Baseline Measure of Failed Requests for a Component Failure within a Site

The rule management module of Holmes is mainly used for user interactions, especially for the lifecycle control of the rules. Since this module is not quite frequently used, and the rule deployment is usually done manually. There are not too many requests sending to this module. Besides, all request could be re-sent once the module is recovered. Hence for this module, the request failures during the component failure could be reasonably ignored.

As for the engine management module, as it is the core module of Holmes and it is mainly responsible for alarm processing, the request loss could be considered the same as the data loss. So this will be evaluated in the next section.

Baseline of Data Loss for a Component Failure within a Site

The average start-up time of Holmes is around 20 seconds. All the estimation of the baseline will be based on such an approximation.

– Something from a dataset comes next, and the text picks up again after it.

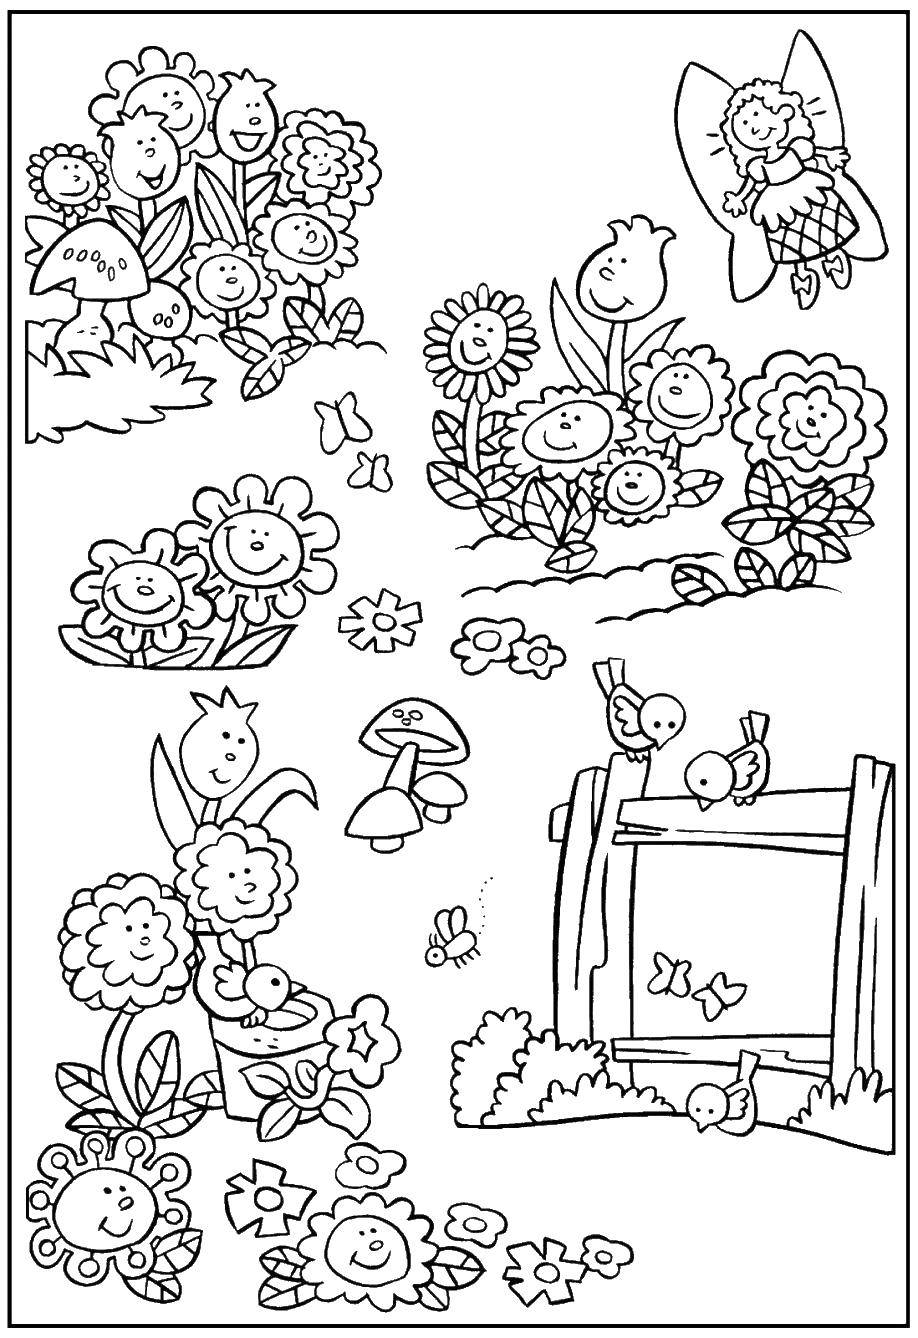 Coloring Many Cvety, fairy and birds. Category Nature. Tags:  nature, birds, flowers, fairy.

Because the performance of Holmes differs a lot with and without A&AI. Both scenarios should be taken into account when identifying the baseline.

Data Analysis with AAI

From the testing report provided on the Testing Results page, when AAI is involved, correlation analysis for alarms is extremely slow. Even if we take the best performance data as a reference, the data loss during the start-up of Holmes is

1.73 alarms/s * 20s = 34.5 alarms


Data Analysis without AAI

Now, let's move forward to the scenario under which AAI is not involved during the correlation analysis.

According to the Testing Results, the peak rate for alarm processing is around 350 alarms per second. Based on this approximation, the data loss under such a scenario is

350 alarms/s * 20s = 7000 alarms

From the figures above, we can see that the data loss could be far beyond the acceptance of the users. So in the future, the Holmes team has to optimize the component to reduce data loss.

Here are two suggestions:

  1. Cache the AAI data and refresh them periodically so that Holmes won't have to make an HTTP call to AAI every time it tries to correlate one alarm to another.
  2. DCAE and it's inferior systems (e.g. PNFs and VNFs, etc.) provide data synchronization mechanism to ensure that components could fetch data spontaneously after they are deployed or restarted.
  • No labels

1 Comment

    1. Cache the AAI data and refresh them periodically so that Holmes won't have to make an HTTP call to AAI every time it tries to correlate one alarm to another.

    Guangrong Fu,

    The problem for caching is how to know when to update the cached data. Even though the access time may be fast for Holmes, the risk is using out-of-date data, so the correlations will be wrong anyway. Also, duplicating the AAI data outside of AAI is probably a bad architectural decision. Making AAI faster for these use cases would be better.

    Has there been a performance analysis of where the time is spent? Could it help to use ElasticSearch (e.g. as in sparky)? Should Holmes have a batch interface to get more AAI data in fewer calls? Or a better correlation API that results in fewer calls?

    Would it be worthwhile to discuss at the AAI meeting, James Forsyth?